┌──

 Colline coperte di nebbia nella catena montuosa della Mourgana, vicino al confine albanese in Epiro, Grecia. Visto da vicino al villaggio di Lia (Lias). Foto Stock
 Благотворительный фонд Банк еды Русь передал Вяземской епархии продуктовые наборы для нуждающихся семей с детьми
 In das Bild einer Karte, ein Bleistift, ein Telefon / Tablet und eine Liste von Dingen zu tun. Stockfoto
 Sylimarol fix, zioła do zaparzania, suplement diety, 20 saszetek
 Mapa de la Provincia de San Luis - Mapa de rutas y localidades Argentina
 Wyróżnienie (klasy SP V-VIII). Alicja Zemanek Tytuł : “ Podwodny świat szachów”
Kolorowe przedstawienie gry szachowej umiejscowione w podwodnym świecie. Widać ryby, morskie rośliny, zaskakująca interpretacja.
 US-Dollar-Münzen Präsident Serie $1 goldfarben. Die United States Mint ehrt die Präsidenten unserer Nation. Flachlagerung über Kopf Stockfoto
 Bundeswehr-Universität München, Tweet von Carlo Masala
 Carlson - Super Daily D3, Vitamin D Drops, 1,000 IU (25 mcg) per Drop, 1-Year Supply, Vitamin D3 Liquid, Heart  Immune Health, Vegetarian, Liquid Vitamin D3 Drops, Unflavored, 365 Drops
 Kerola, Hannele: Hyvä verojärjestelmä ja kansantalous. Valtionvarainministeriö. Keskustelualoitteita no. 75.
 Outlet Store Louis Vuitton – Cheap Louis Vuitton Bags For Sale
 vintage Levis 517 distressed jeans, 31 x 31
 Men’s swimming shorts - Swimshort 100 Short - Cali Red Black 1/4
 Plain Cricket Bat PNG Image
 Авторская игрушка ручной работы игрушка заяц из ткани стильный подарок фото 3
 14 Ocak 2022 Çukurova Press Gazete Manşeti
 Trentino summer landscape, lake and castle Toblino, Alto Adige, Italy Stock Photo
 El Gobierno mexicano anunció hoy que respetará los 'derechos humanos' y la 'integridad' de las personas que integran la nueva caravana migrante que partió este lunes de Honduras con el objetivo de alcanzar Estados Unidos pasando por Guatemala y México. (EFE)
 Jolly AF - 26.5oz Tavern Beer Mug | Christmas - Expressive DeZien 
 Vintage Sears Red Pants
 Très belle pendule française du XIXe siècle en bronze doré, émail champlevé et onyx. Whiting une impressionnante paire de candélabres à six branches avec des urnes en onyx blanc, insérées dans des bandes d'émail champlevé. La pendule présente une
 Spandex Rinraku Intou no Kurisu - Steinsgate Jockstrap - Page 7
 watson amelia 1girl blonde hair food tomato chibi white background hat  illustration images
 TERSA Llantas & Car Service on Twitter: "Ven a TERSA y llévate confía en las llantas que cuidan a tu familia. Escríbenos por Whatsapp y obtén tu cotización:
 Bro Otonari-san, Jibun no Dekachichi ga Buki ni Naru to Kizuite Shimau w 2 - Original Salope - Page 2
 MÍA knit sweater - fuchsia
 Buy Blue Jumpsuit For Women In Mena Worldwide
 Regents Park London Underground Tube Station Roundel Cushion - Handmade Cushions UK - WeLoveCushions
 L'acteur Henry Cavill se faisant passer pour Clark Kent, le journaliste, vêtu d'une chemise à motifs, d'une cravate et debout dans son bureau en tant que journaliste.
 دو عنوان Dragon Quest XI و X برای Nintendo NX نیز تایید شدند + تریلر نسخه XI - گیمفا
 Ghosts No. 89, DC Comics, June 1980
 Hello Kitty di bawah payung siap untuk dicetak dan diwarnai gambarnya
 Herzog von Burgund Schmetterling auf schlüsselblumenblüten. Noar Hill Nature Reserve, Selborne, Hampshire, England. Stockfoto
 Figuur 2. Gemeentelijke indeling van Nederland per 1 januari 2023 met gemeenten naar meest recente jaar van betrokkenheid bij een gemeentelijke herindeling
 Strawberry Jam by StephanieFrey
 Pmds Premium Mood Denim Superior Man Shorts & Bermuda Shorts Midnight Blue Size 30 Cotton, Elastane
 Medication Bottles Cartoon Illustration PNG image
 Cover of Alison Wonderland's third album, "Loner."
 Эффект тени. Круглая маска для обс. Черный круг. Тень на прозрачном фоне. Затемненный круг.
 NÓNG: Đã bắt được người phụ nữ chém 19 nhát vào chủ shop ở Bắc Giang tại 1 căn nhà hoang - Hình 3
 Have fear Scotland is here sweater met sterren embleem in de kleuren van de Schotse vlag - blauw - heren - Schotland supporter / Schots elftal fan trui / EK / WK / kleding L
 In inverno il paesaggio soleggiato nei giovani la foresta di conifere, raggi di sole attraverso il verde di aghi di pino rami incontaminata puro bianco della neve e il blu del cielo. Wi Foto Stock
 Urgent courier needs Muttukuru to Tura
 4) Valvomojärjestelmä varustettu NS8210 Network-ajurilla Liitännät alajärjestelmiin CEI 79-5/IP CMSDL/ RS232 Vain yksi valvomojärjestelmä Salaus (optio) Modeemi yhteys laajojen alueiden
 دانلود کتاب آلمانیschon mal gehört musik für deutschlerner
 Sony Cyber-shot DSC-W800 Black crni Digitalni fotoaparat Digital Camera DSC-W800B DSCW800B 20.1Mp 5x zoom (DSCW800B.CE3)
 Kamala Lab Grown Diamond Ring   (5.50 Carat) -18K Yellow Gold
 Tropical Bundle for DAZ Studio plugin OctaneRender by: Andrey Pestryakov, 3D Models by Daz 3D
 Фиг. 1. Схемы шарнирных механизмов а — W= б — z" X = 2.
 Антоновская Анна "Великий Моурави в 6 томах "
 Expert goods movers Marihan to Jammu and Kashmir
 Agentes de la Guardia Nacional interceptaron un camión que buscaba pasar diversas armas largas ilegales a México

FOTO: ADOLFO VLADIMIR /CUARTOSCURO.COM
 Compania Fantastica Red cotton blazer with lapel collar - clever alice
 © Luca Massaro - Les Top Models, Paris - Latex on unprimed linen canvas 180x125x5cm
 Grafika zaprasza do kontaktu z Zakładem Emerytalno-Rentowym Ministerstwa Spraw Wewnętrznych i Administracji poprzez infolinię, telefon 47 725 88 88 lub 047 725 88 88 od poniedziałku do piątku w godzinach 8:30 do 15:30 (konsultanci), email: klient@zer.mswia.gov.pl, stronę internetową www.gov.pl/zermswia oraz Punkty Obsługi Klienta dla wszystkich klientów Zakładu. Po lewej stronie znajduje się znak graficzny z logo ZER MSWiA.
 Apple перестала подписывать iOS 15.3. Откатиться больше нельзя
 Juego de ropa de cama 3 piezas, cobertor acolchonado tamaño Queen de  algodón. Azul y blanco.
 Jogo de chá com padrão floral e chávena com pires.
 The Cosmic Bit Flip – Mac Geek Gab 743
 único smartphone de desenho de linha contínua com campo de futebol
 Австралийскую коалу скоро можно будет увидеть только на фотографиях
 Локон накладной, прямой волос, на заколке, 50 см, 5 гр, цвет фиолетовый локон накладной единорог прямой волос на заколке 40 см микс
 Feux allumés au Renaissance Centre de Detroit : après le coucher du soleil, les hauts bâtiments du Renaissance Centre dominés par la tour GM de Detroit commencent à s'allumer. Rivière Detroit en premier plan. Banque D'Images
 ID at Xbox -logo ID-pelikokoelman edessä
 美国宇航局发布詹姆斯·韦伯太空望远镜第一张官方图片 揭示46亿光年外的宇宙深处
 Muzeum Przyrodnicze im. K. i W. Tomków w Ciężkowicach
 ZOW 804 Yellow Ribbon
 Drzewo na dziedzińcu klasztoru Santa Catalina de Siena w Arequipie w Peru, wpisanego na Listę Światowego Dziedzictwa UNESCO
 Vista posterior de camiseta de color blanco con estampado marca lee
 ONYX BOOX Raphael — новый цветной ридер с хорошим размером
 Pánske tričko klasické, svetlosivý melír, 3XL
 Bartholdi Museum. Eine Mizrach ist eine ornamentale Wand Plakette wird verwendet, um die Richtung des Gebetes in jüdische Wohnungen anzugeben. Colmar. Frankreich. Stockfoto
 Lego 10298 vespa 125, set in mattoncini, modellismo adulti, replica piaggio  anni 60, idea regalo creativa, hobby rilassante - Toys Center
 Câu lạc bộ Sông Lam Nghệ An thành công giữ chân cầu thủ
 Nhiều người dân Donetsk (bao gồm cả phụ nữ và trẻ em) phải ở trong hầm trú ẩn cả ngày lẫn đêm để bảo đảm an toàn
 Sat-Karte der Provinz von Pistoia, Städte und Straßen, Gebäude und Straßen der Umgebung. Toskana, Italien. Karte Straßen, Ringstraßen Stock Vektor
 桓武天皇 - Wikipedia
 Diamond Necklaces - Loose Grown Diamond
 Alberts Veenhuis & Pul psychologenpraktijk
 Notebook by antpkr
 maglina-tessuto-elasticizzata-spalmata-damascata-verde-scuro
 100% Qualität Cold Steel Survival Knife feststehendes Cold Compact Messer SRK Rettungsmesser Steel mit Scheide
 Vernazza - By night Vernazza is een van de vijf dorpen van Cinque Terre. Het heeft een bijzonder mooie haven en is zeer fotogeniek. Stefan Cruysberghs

└──

§ **Work to be completed**
From the first line of the data above through the line containing "Mapa de la Provincia", set each line down again exactly; include both ends and omit everything else.

§ **Answer below**
 Colline coperte di nebbia nella catena montuosa della Mourgana, vicino al confine albanese in Epiro, Grecia. Visto da vicino al villaggio di Lia (Lias). Foto Stock
 Благотворительный фонд Банк еды Русь передал Вяземской епархии продуктовые наборы для нуждающихся семей с детьми
 In das Bild einer Karte, ein Bleistift, ein Telefon / Tablet und eine Liste von Dingen zu tun. Stockfoto
 Sylimarol fix, zioła do zaparzania, suplement diety, 20 saszetek
 Mapa de la Provincia de San Luis - Mapa de rutas y localidades Argentina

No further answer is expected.